On October 2nd, the Nobel Assembly at the Karolinska Institute in Sweden announced the awarding of the Nobel Prize to Katalin Karikó of the German biotechnology company BioNTech and Dr. Drew Weissman, a professor at the University of Pennsylvania.
They were honored for their groundbreaking work on base modifications in RNA, which played a pivotal role in the development of effective mRNA vaccines against COVID-19.
This success story represents the triumph of decades of foundational scientific research.
In 2005, Karikó and Weissman discovered that replacing uridine with pseudouridine in mRNA could effectively suppress the inflammatory response caused by the injection of exogenous mRNA into mammals, addressing issues related to high immunogenicity and increasing the expression of relevant proteins.
This breakthrough paved the way for companies like BioNTech and Moderna to develop their COVID-19 vaccines, BNT163 and mRNA-1273.

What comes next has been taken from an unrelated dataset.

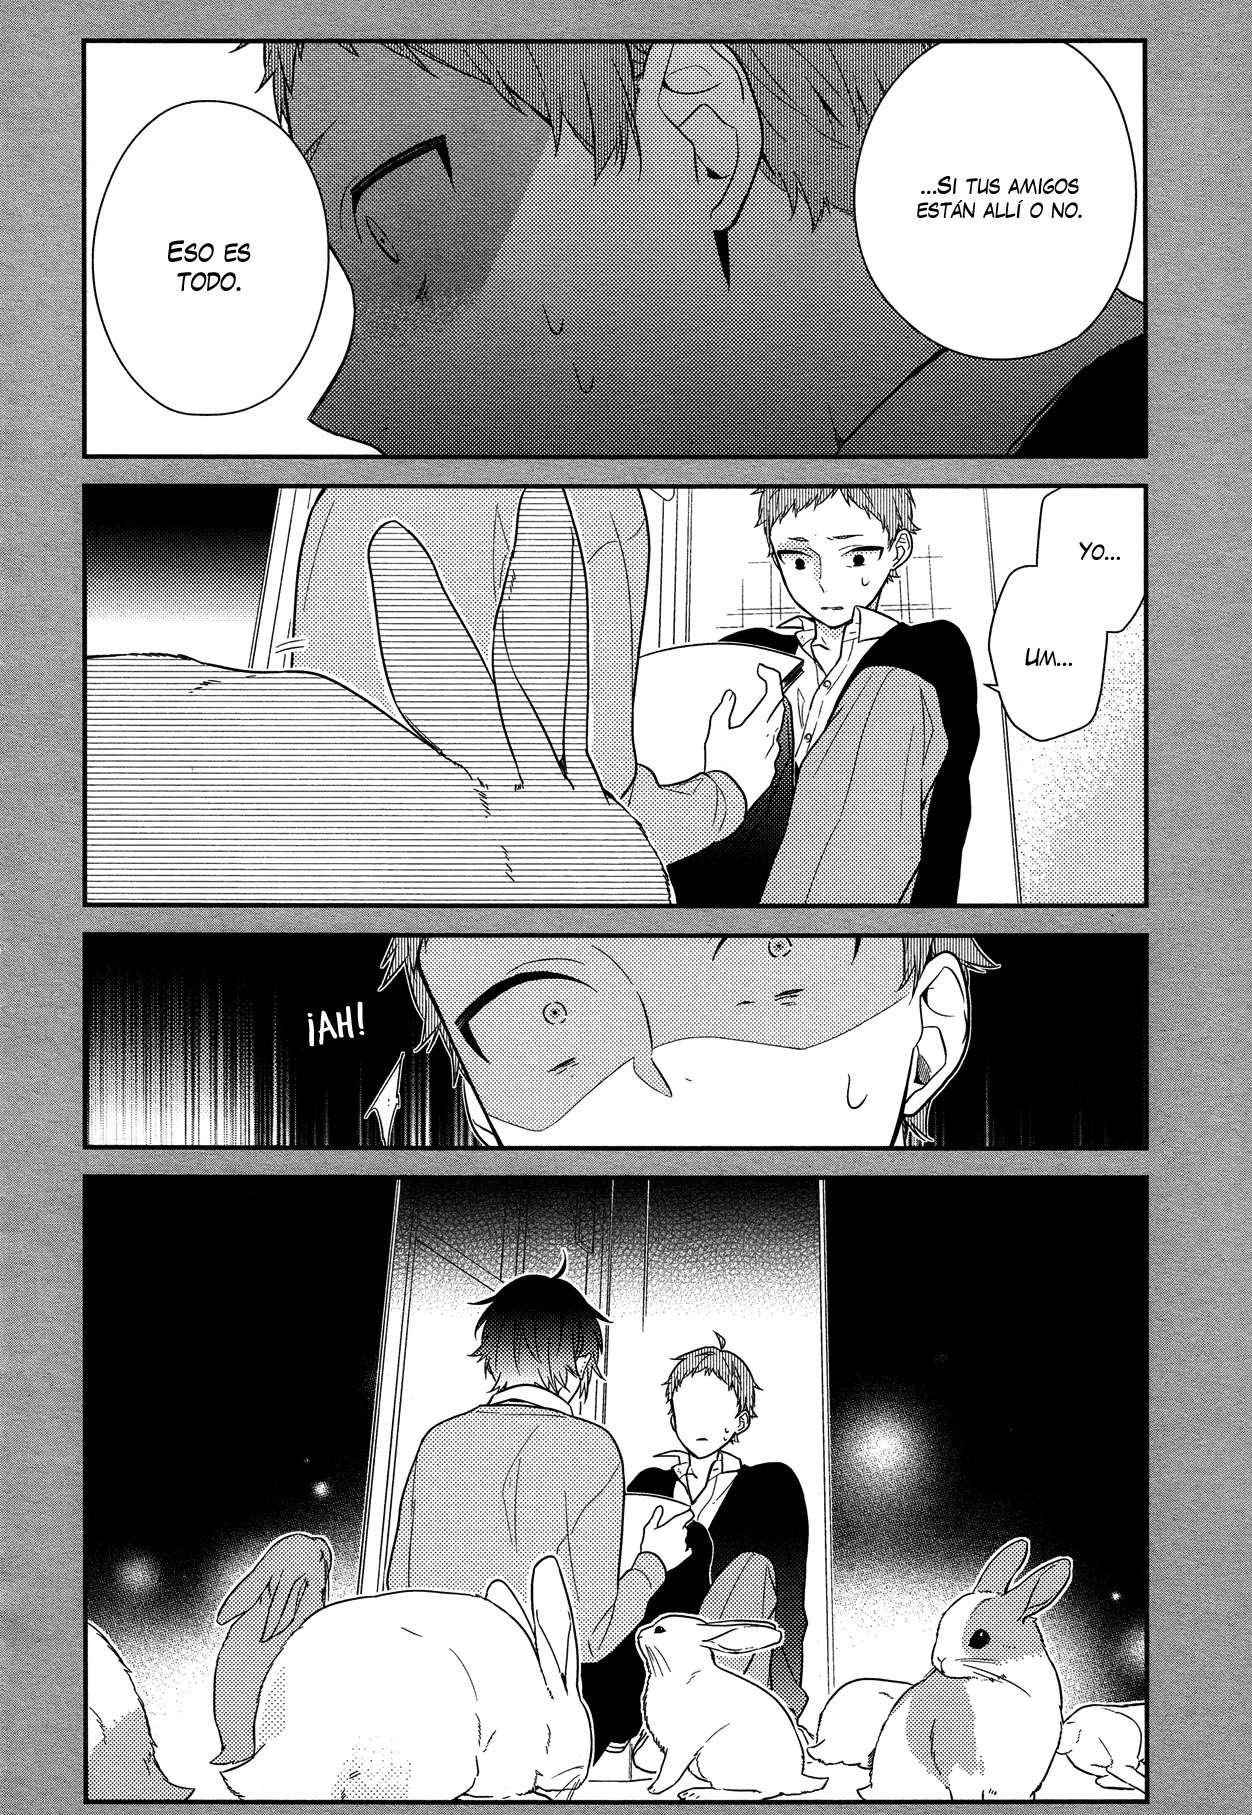 http://c5.ninemanga.com/es_manga/19/1043/417194/073c83fb6a5532256c1f33f207330684.jpg Page 11

Fifteen years later, as the COVID-19 pandemic struck, these mRNA vaccines were rapidly developed and widely used, proving the therapeutic potential of mRNA and the safety of lipid nanoparticle (LNP) delivery systems at lower doses. mRNA drugs transitioned from concept to reality, opening a pathway from research and development to commercialization.
But this is far from the beginning of mRNA research. Prior to COVID-19, scientists had been exploring the use of mRNA as a therapeutic tool for several decades, with a focus on areas like oncology and viral infectious diseases. Nobel laureate Weissman, for instance, had dedicated efforts to developing an mRNA vaccine for HIV.
Moreover, mRNA is not the endpoint; it’s just the beginning. Moderna’s CEO, Stéphane Bancel, stated in May that the company would become a great rare disease company in the future.
Among its 48 ongoing projects, six are targeted at rare diseases, including propionic acidemia, methylmalonic acidemia, Von Gierke disease, ornithine transcarbamylase deficiency, phenylketonuria, and Crigler-Najjar syndrome type 1 (CN-1). BioNTech’s pipeline includes a substantial focus on solid tumors.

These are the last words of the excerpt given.